PRIOR to jetting out the country last week for the NYC Winter JazzFest, Nduduzo Makhathini likened the festival to umsamu, where the spirits of Jazz greats who’ve inspired him and continue to do so, dwell. And one spirit that continues to inspire him, is that of the late Zim Ngqawana who Makhathini was part of his Zimology Quartet the last time he played at the NYC Winter JazzFest in 2008 at the Knitting Factory.

Sharing knowledge with the audience during his performance at The Blue Note Jazz Club, Makhathini said “Thank you so much…there’s so many things that one could say, but I think what I have in my heart now is just one word, gratitude.  I think there’s something special that happens, especially towards redefining what the anthology or cosmology of what an African people is about. And what I find to be very essential, is the idea or gathering,  rituals or the coming together. We believe that when we come together, our ancestors are sort of with us and are enticed in that way .”

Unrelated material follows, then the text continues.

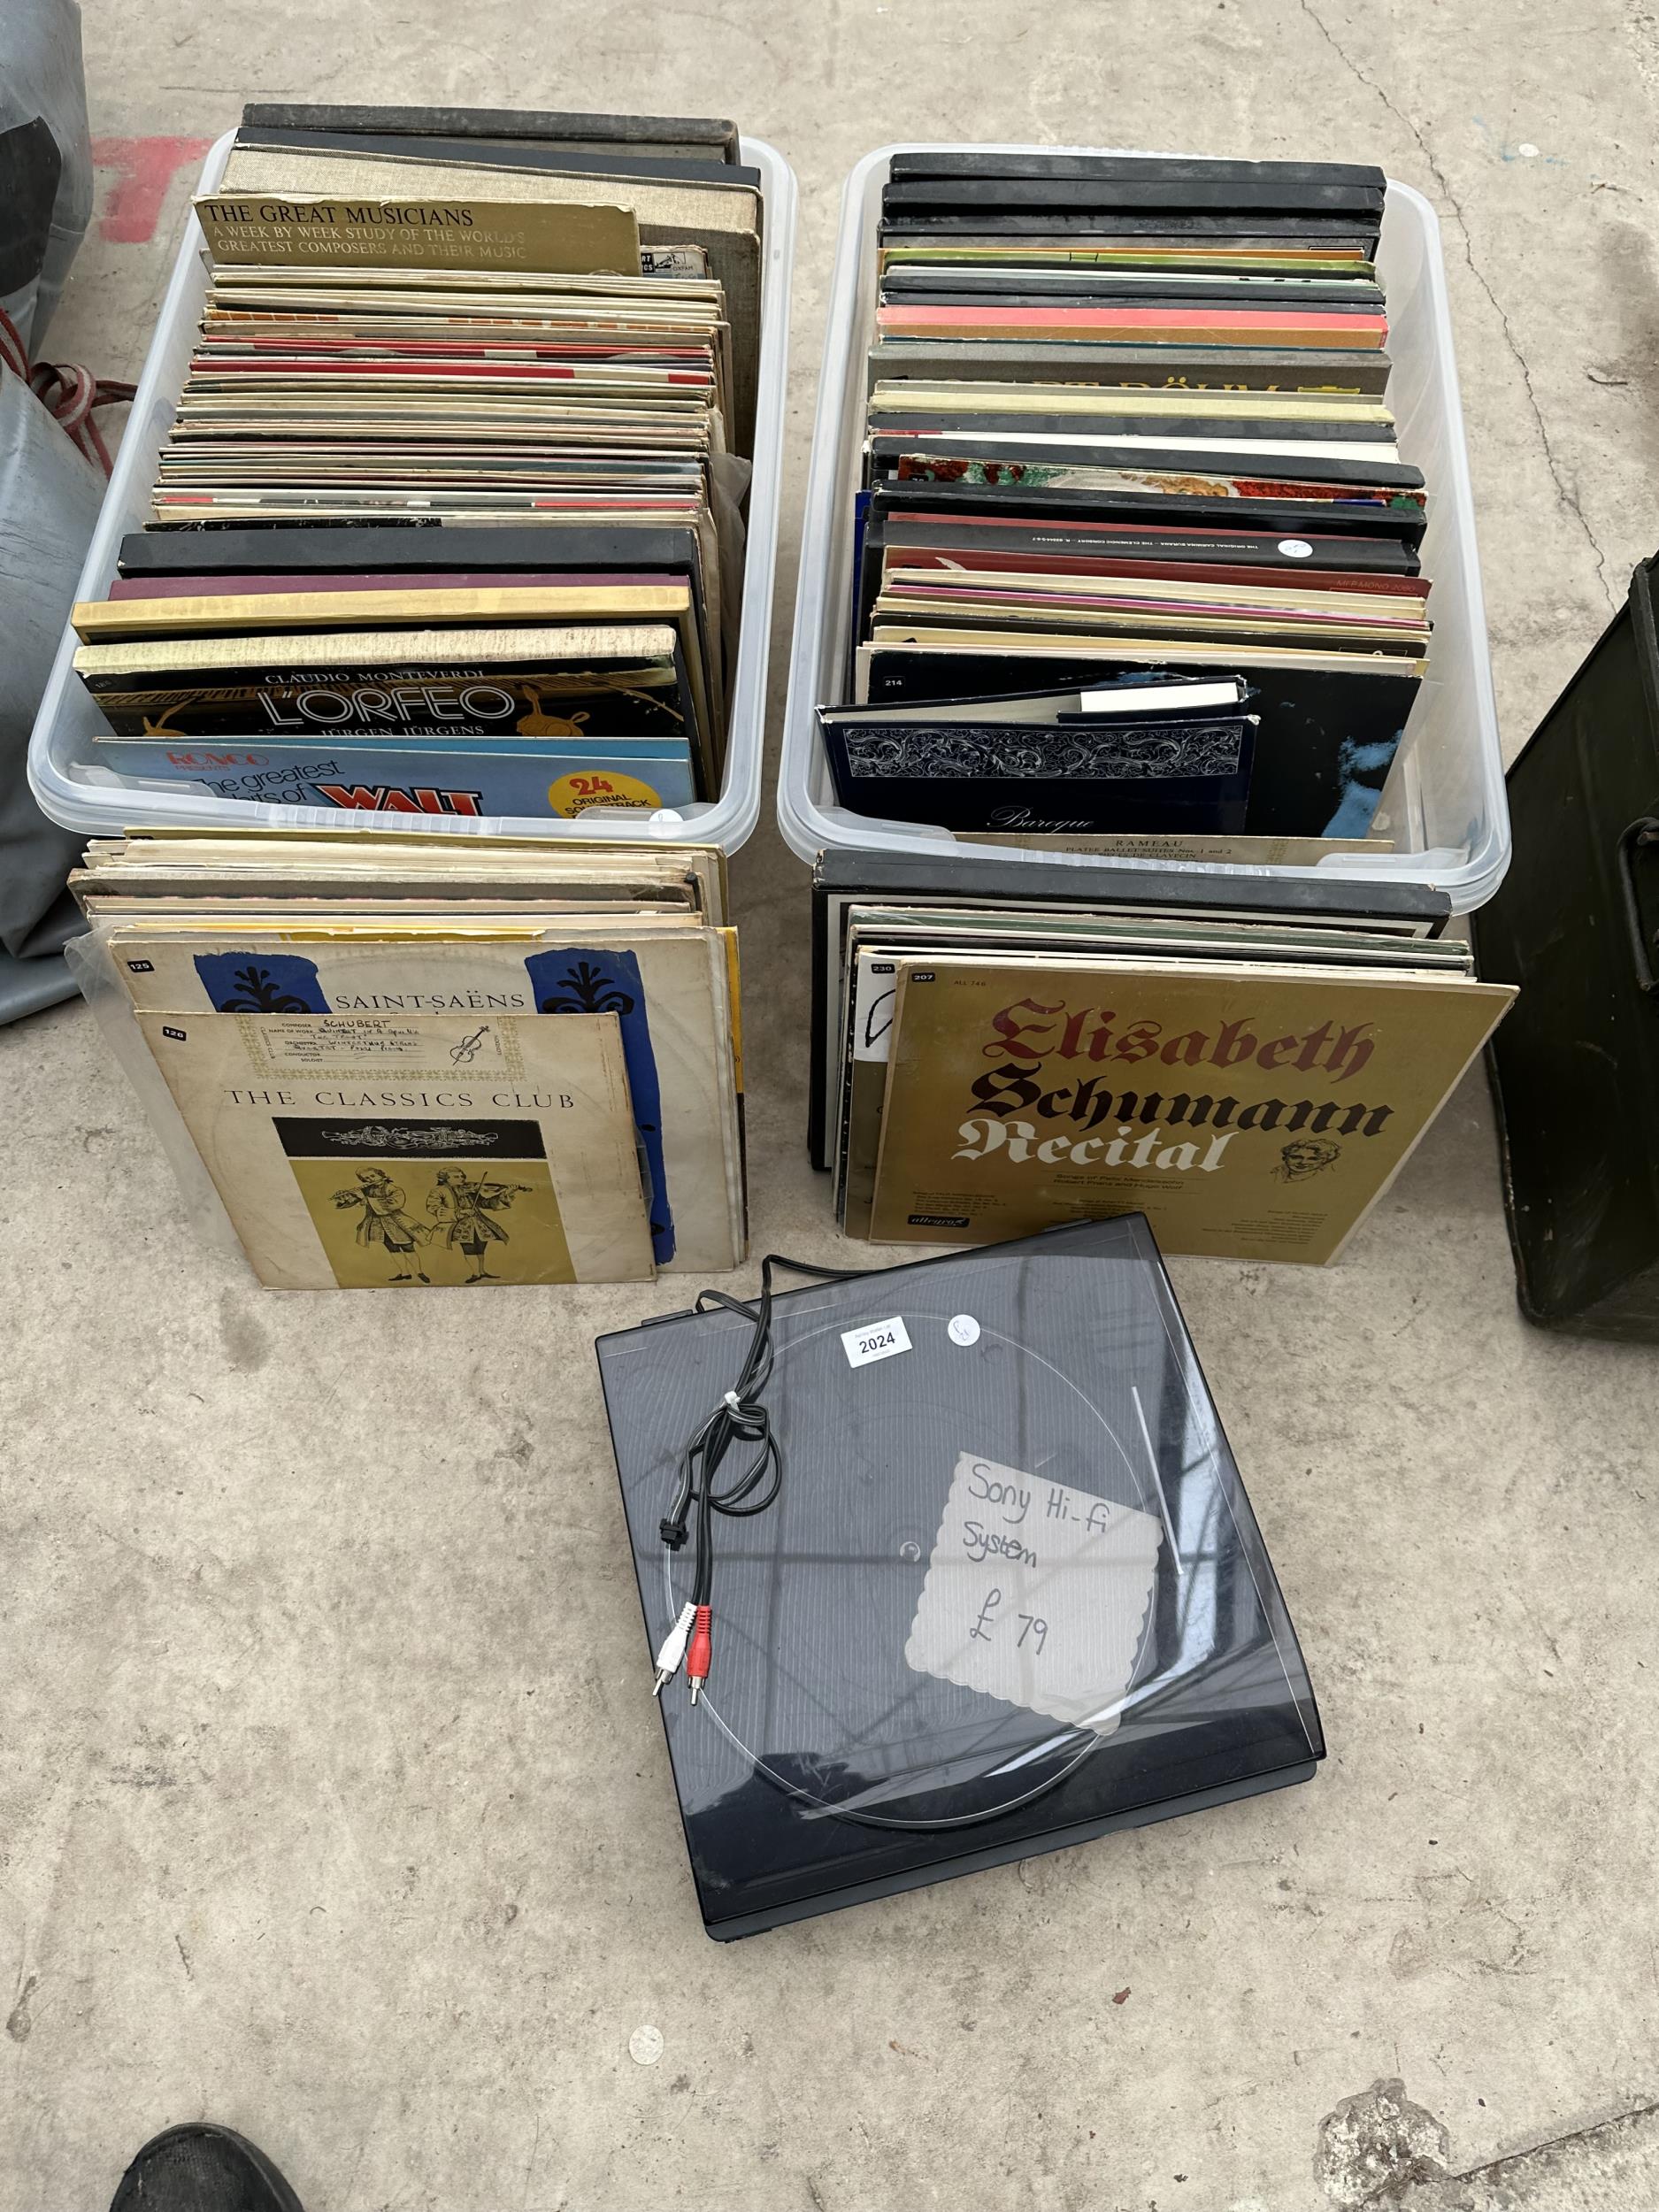 AN ASSORTMENT OF LP RECORDS AND A RECORD PLAYER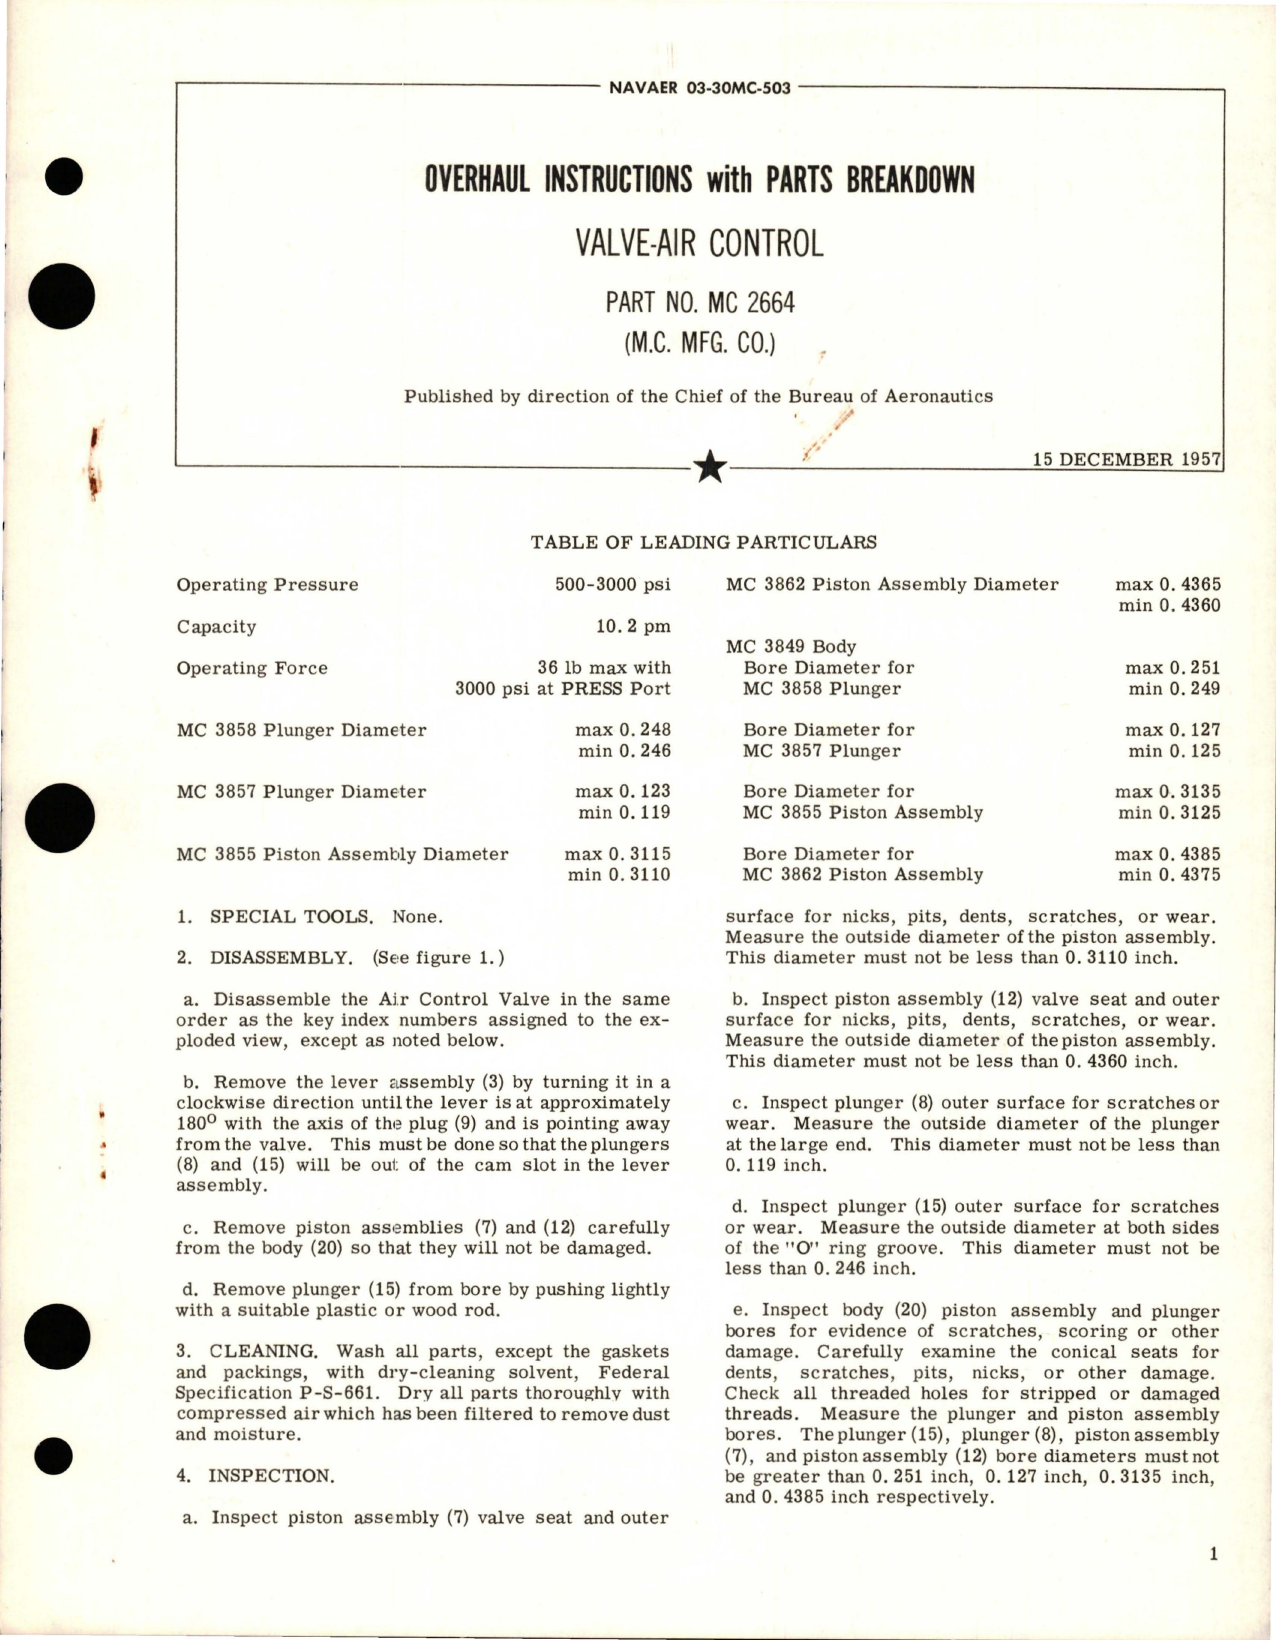 Sample page 1 from AirCorps Library document: Overhaul Instructions with Parts Breakdown for Air Control Valve - Part MC 2664

Nduduzo Makhathini on stage at New York’s Blue Note Jazz Club. From Nduduzo Makhathini’s Facebook.

Makhathini played Modes of Communication: Letters from the Underworlds Project at the iconic Jazz Club last night, alongside a fine ensemble of musicians who complimented him. He had Burniss Travis on Double Bass, Nasheet Waits on the drums, Aaron Burnett on Tenor Sax, Logan Richardson on Alto Sax and New York based South African Trumpeter Lesedi Ntsane. The latter three made up the horn section in the centre of the stage on Monday night in New York.

Makhathini at The Blue Note Jazz Club

The ensemble only had their first rehearsal on Sunday, literally a day before taking to stage, but from the videos shared on social media, their chemistry was on par with their musicality.  They performed before husband and wife duo, The Baylor Project.

The JazzFest is a weeklong festival which takes place in several locations around New York. Celebrating its 15th anniversary this year, the festival attracts some of the finest musicians from around the globe to the Big Apple, all in the love of Jazz. Makhathini is also in New York with members of the Kaya FM team that includes station boss Greg Maloka, hosts Brenda Sisane and Collin Kgari.

The Blue Note Jazz Club is an abode of Jazz because of its rich history. It first opened its doors in 1981, hosting the genre’s masters; The likes of Sarah Vaughan, McCoy Tyner, Dizzy Gillespie, Ray Charles and Lionel Hampton are some prominent names which often frequented the club.

Makhathini’s appearance at the Blue Note Jazz Club received praise from his industry peers, including percussionists Azah and Tumi Mogorosi, writer Natalia Molebatsi, fashion designer Bathini Kowane and his life partner, singer songwriter Omagugu Makhathini.